### DIRECTIONS
From top to bottom, write out the listing exactly and skip every picture.

### DATASET EXTRACT
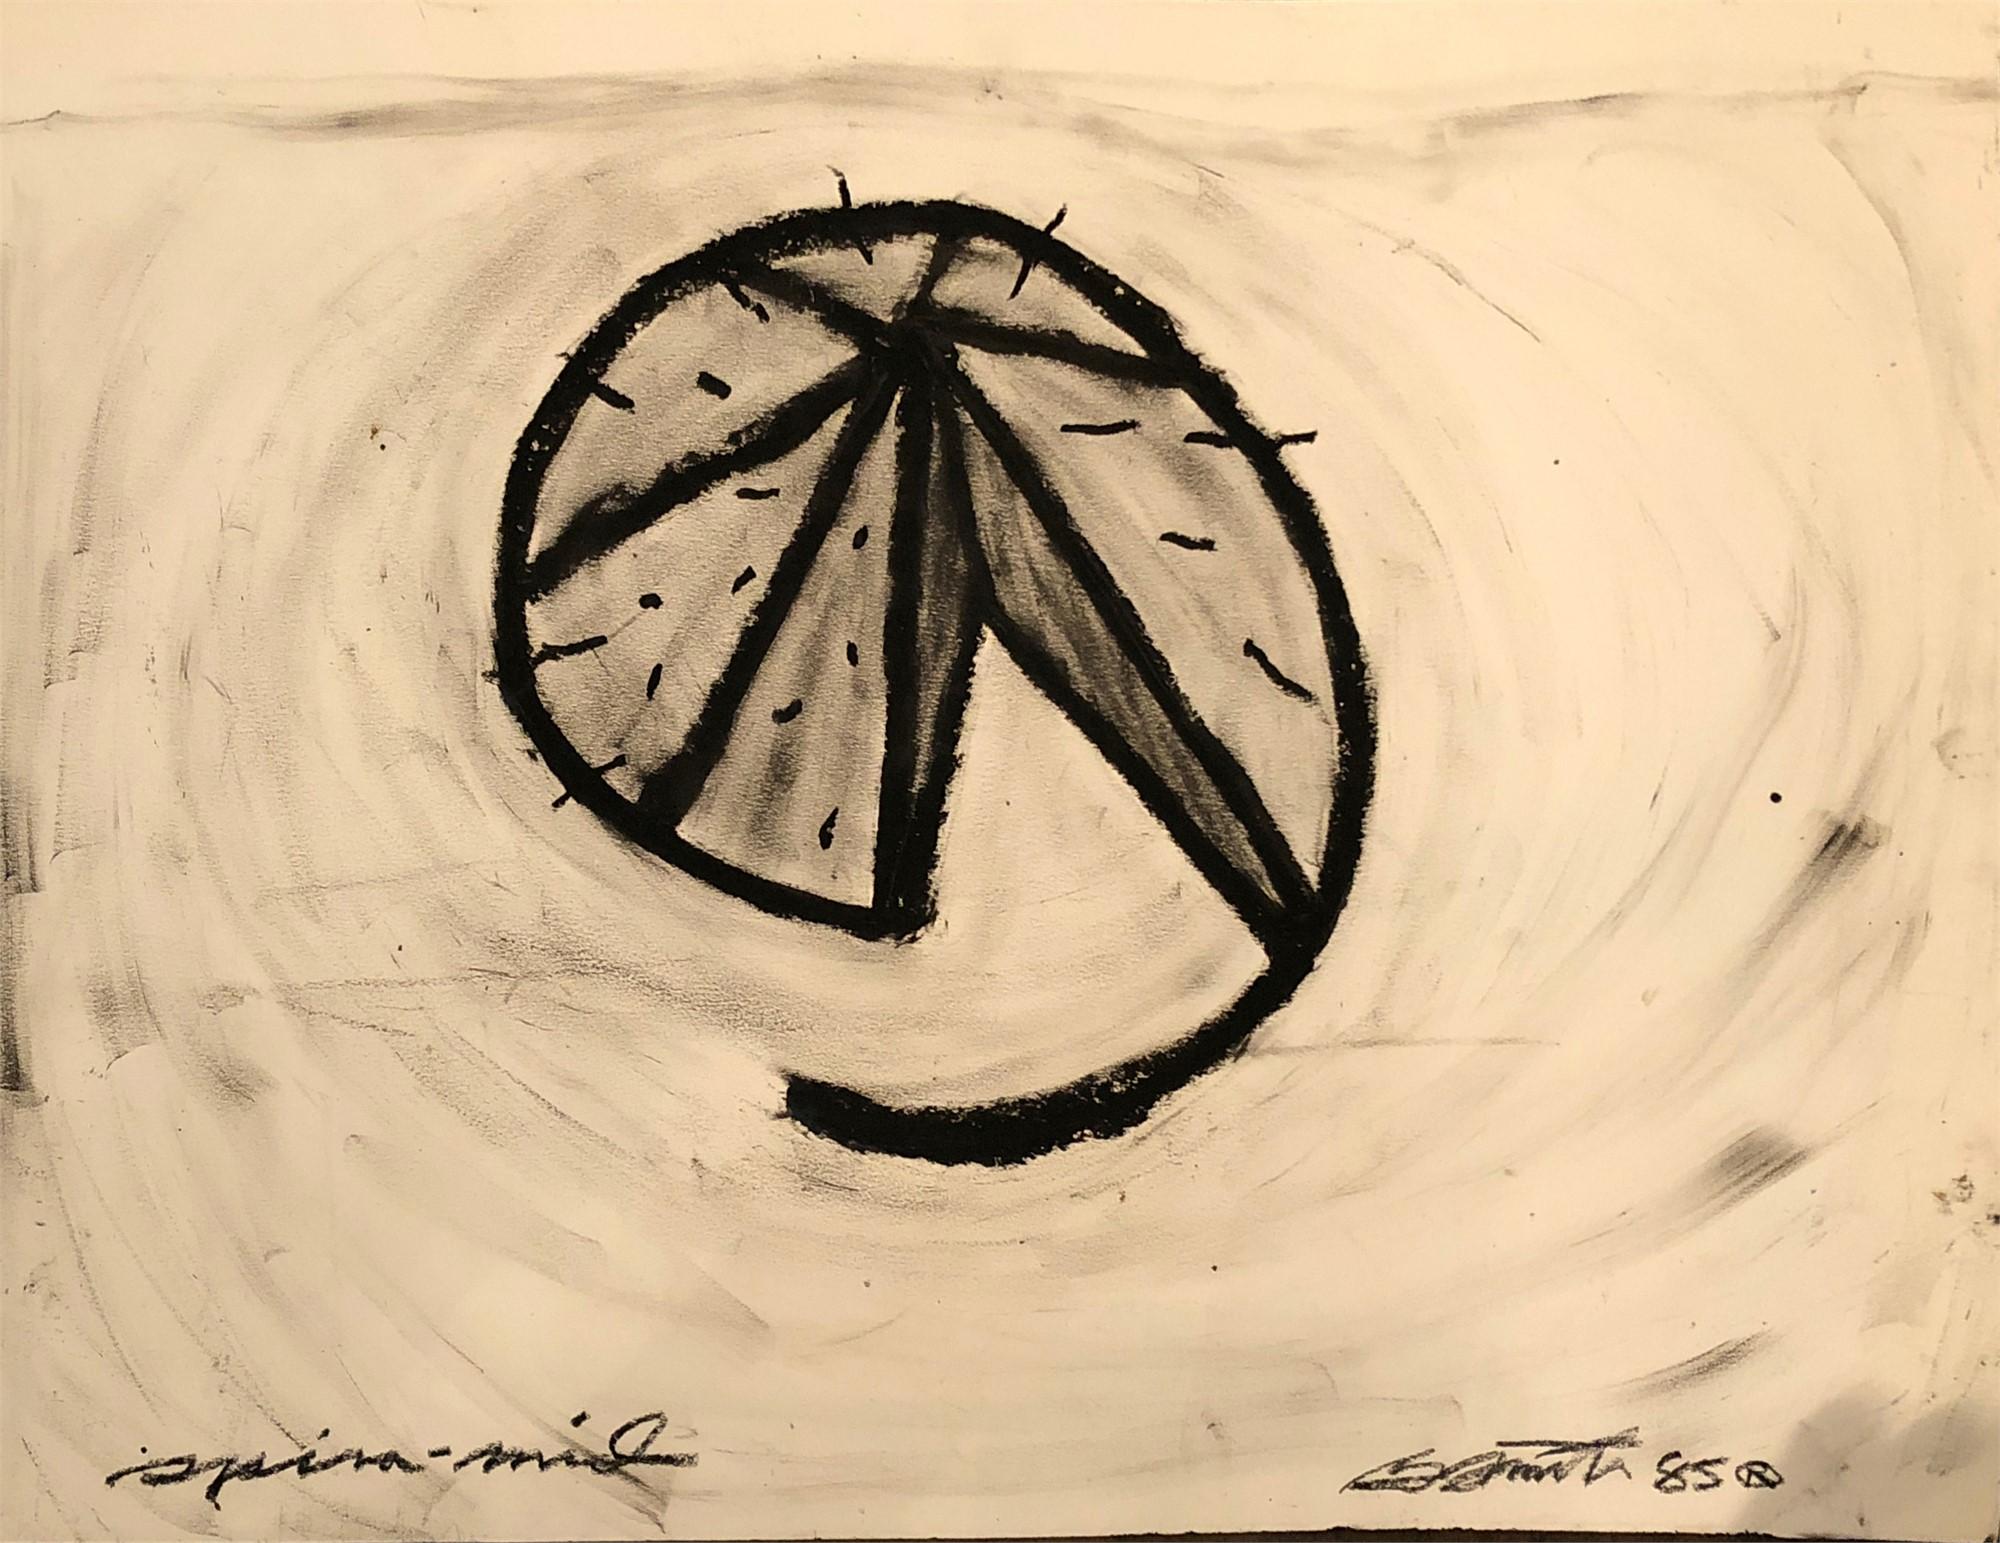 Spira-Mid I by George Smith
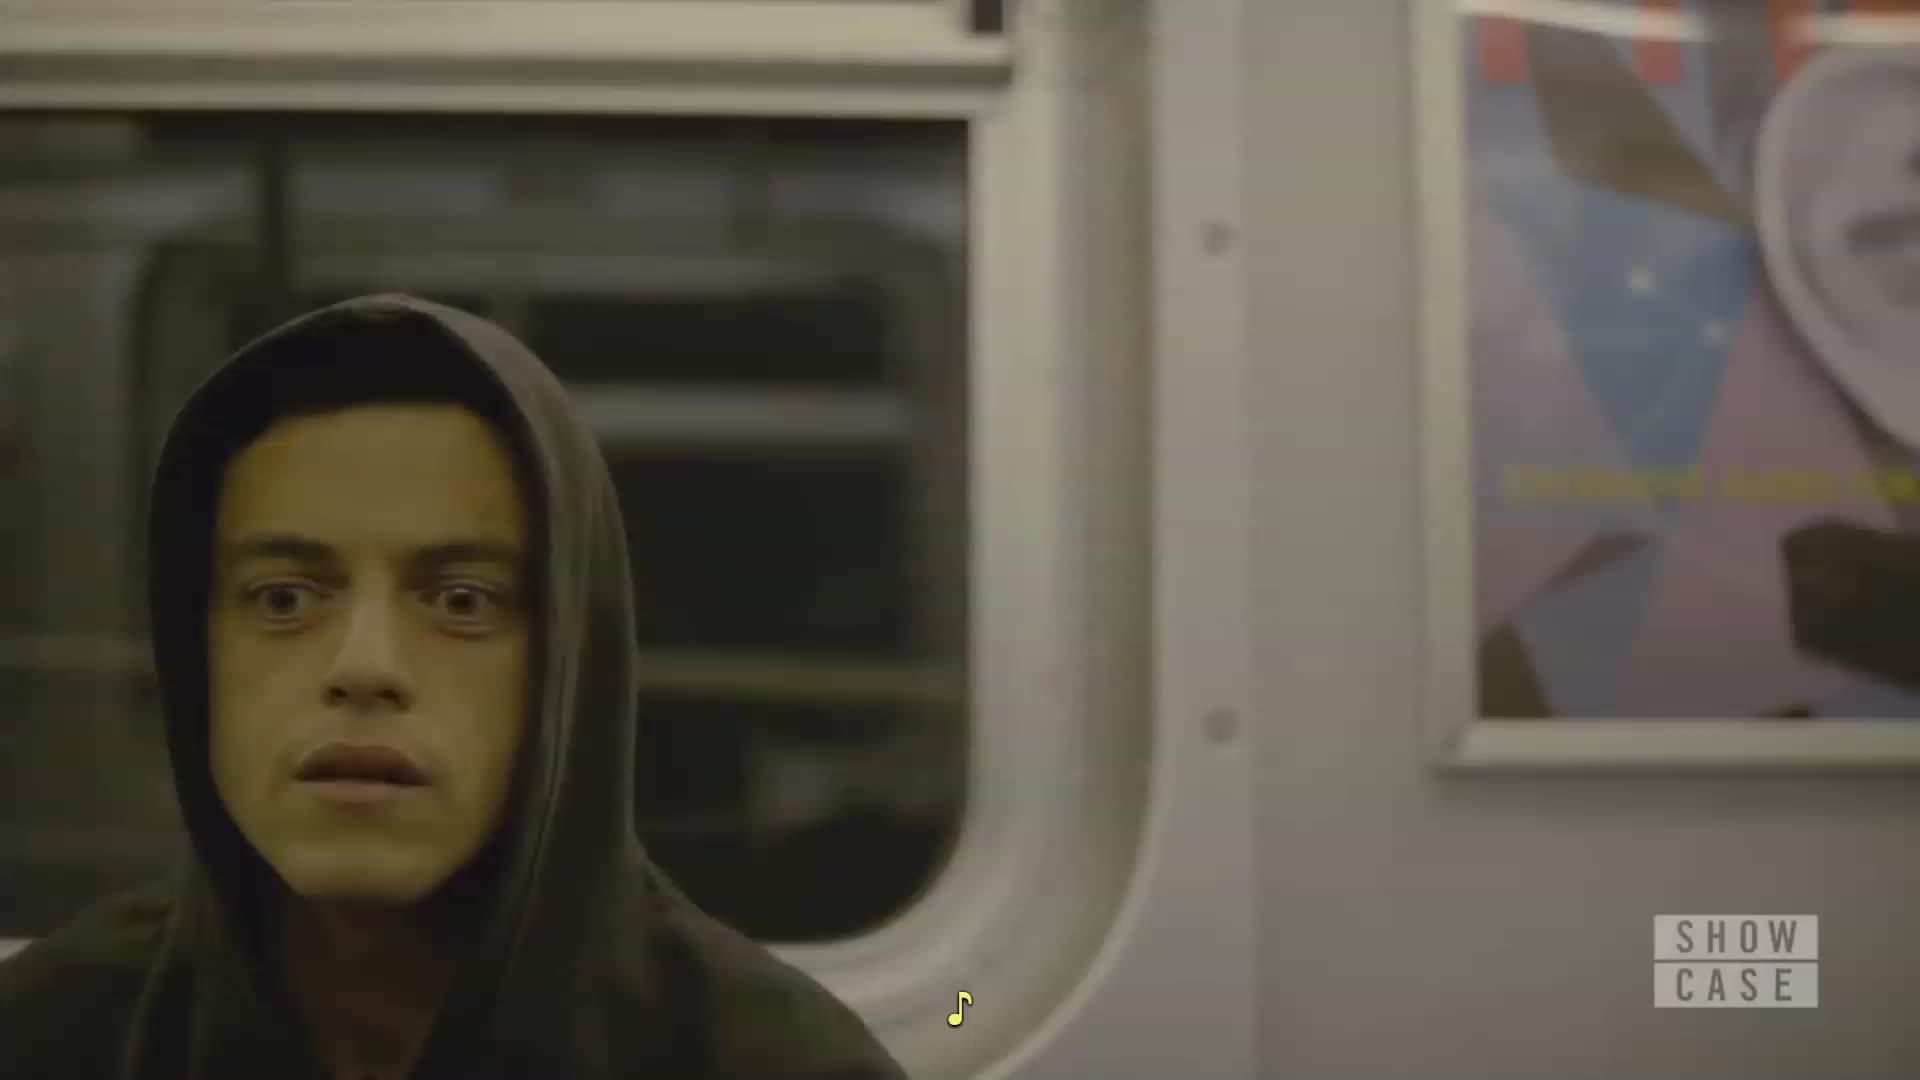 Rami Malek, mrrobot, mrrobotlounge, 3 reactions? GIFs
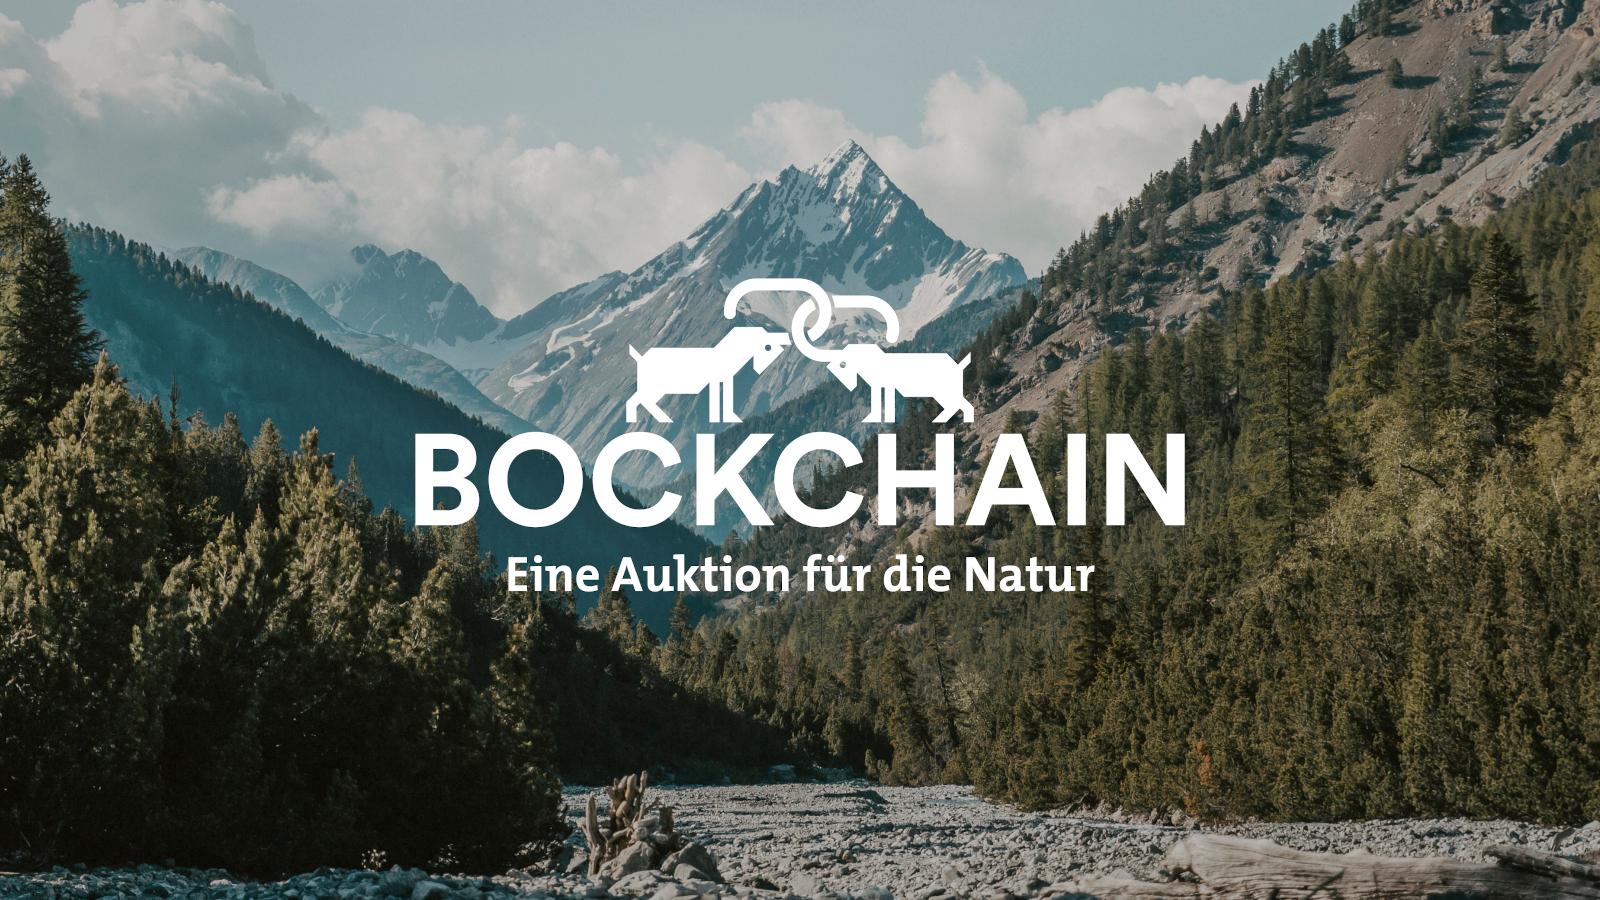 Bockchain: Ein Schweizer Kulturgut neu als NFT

### RESPONSE TO THE EXERCISE
 Spira-Mid I by George Smith
 Rami Malek, mrrobot, mrrobotlounge, 3 reactions? GIFs
 Bockchain: Ein Schweizer Kulturgut neu als NFT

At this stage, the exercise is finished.